*Exercise data*:
********

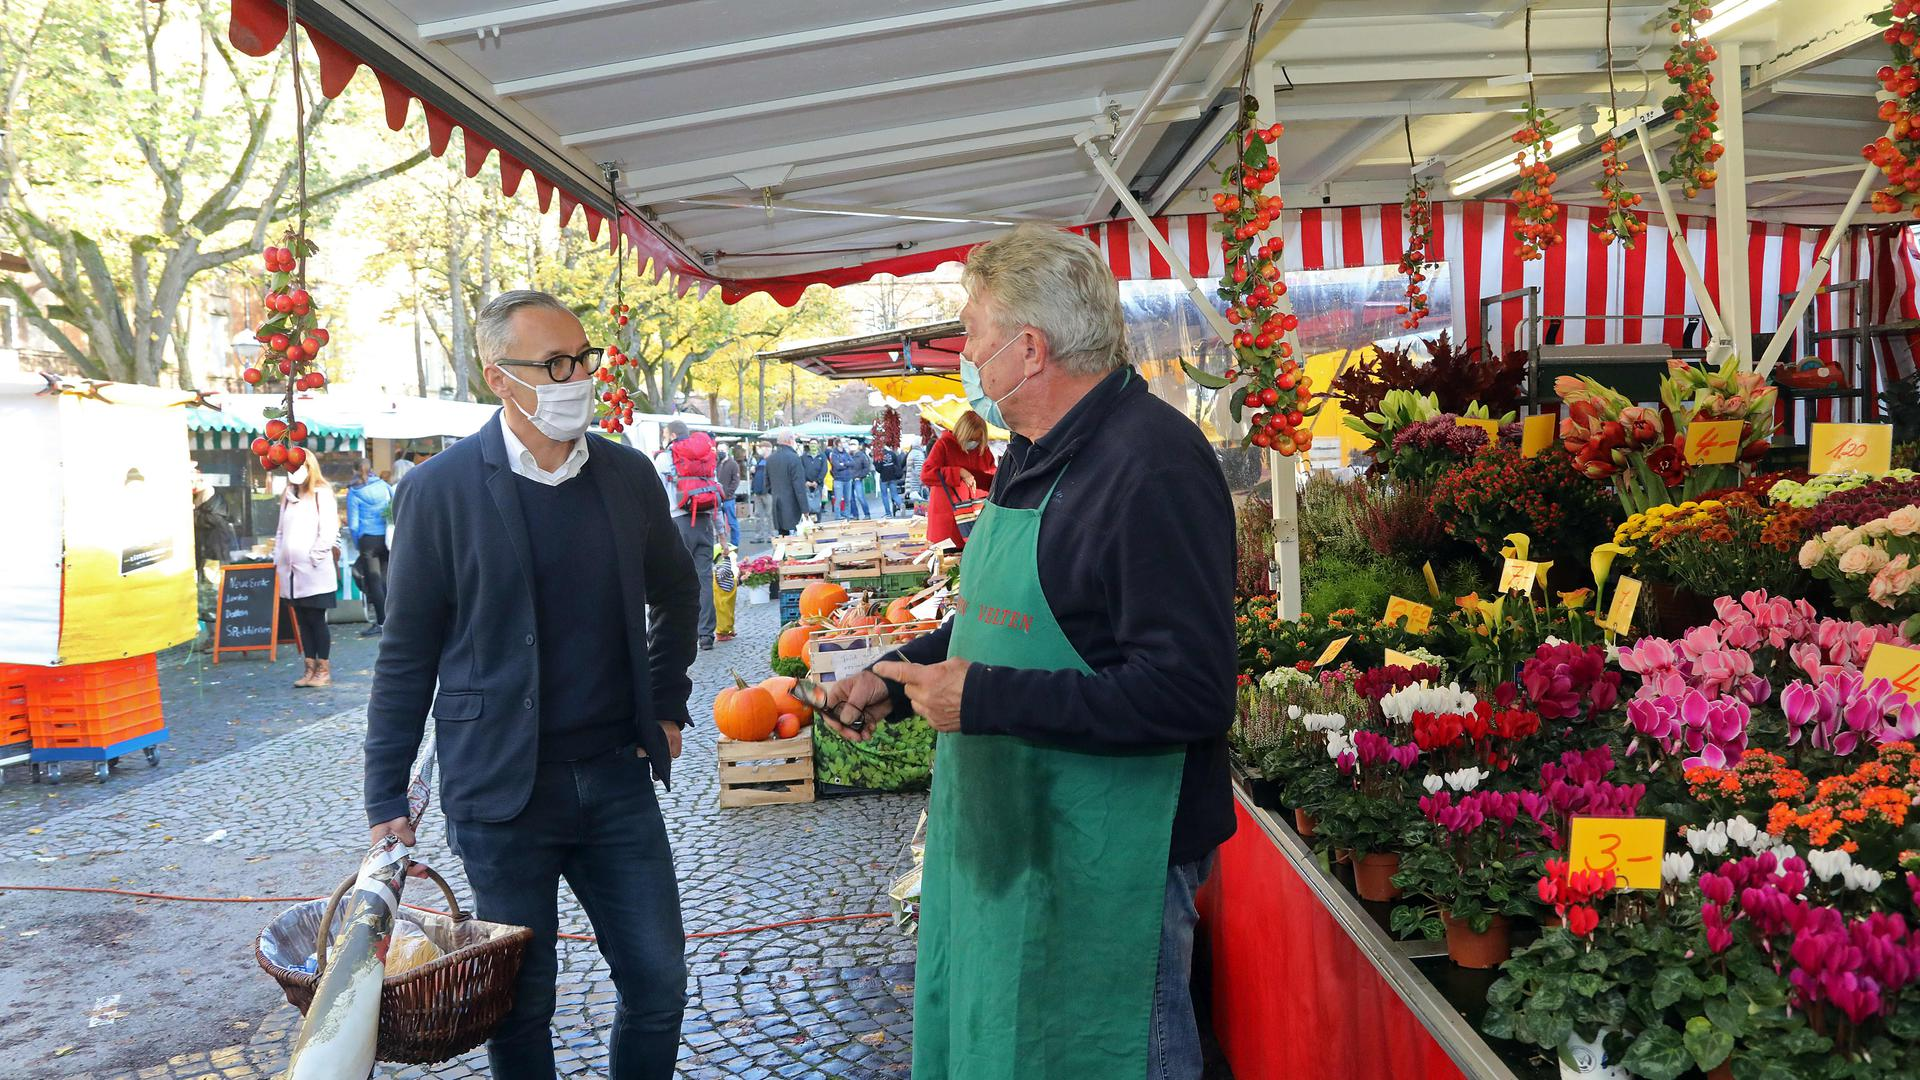 Wahlkampf im Lockdown: Sven Weigt, Bürgermeister von Karlsdorf-Neuthard, macht sich in Karlsruhe bekannt, hier auf dem Wochenmarkt. Große Veranstaltungen gehen im Moment nicht, Weigt setzt auch auf Online-Wahlkampf.
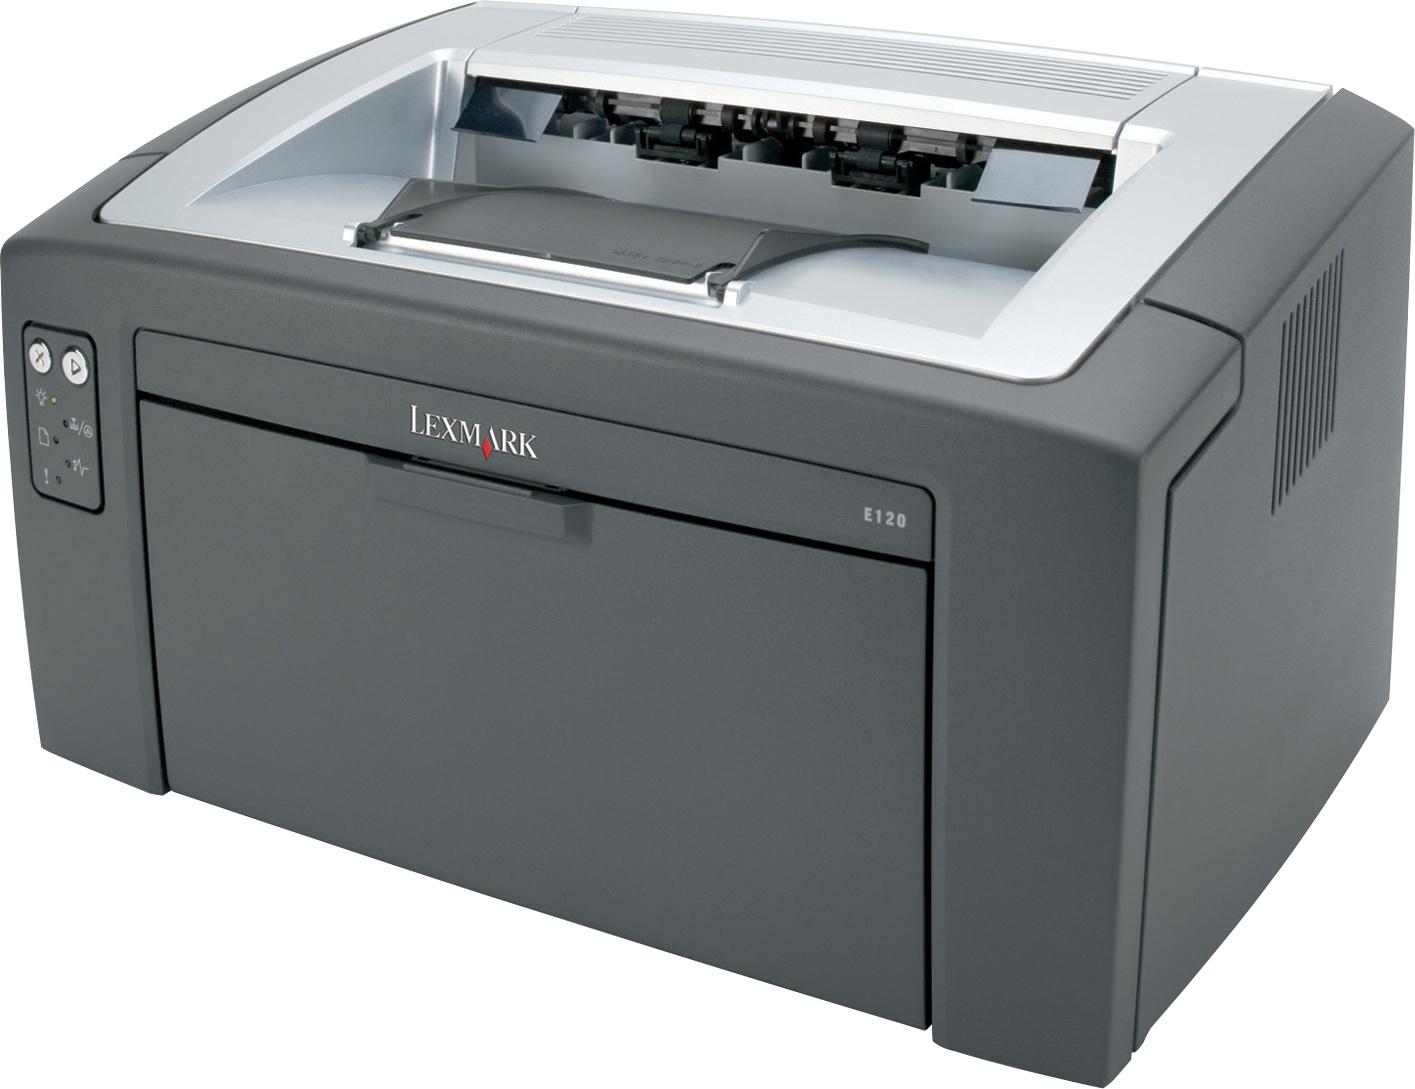 lexmark e120 e120n laser printer service repair manua rh sellfy com lexmark e120 manual service lexmark e120n manual
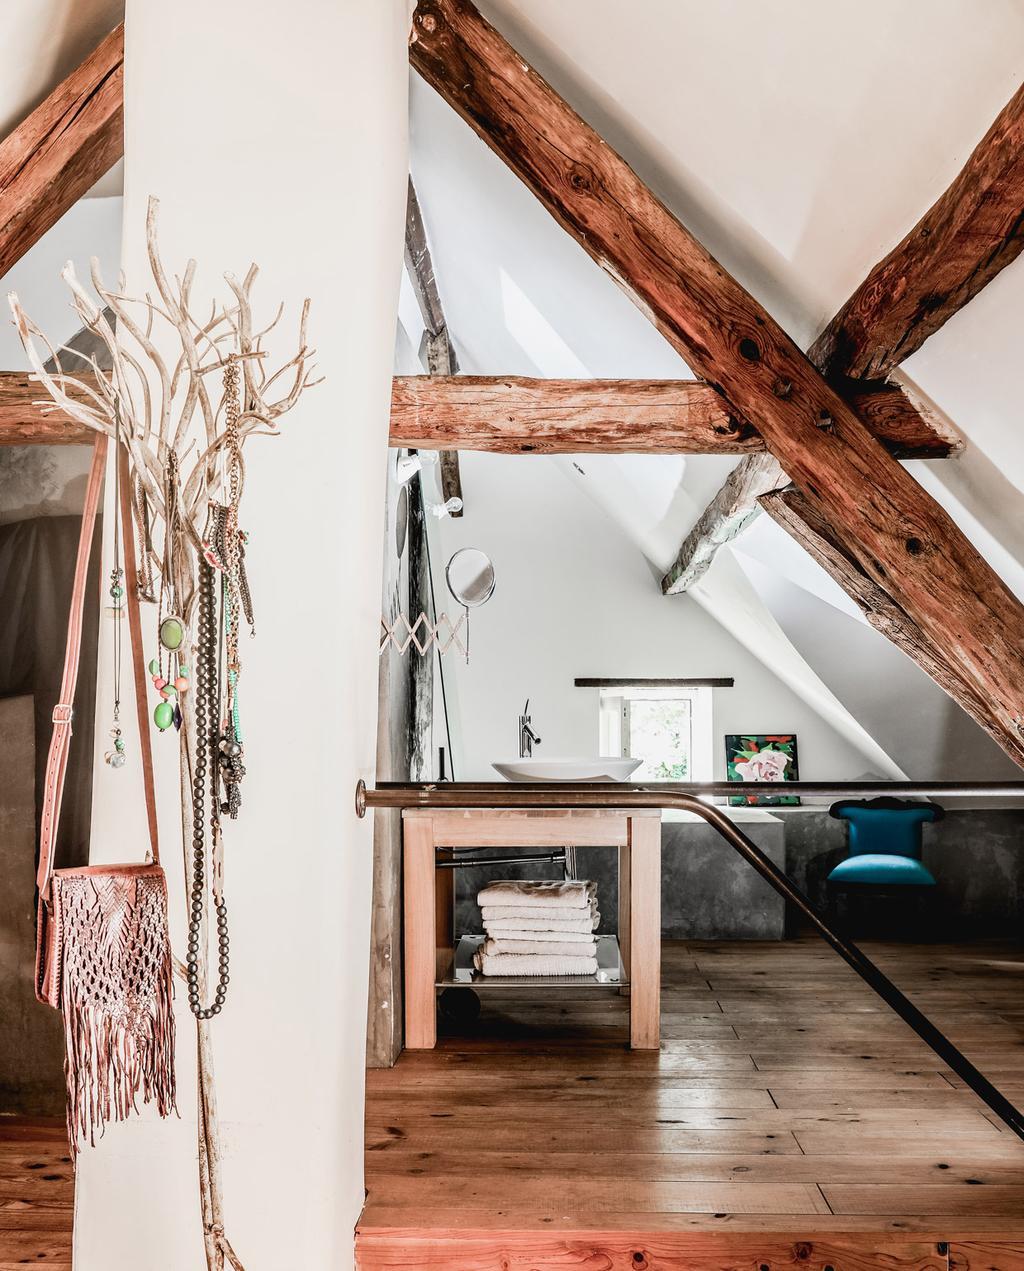 vtwonen 05-2021 | houten vloer met schuin dak en houten balken

********

*Problem requirements*: Once more, please print the whole listing exactly, omitting each image.

*Completed task*:
 Wahlkampf im Lockdown: Sven Weigt, Bürgermeister von Karlsdorf-Neuthard, macht sich in Karlsruhe bekannt, hier auf dem Wochenmarkt. Große Veranstaltungen gehen im Moment nicht, Weigt setzt auch auf Online-Wahlkampf.
 lexmark e120 e120n laser printer service repair manua rh sellfy com lexmark e120 manual service lexmark e120n manual
 vtwonen 05-2021 | houten vloer met schuin dak en houten balken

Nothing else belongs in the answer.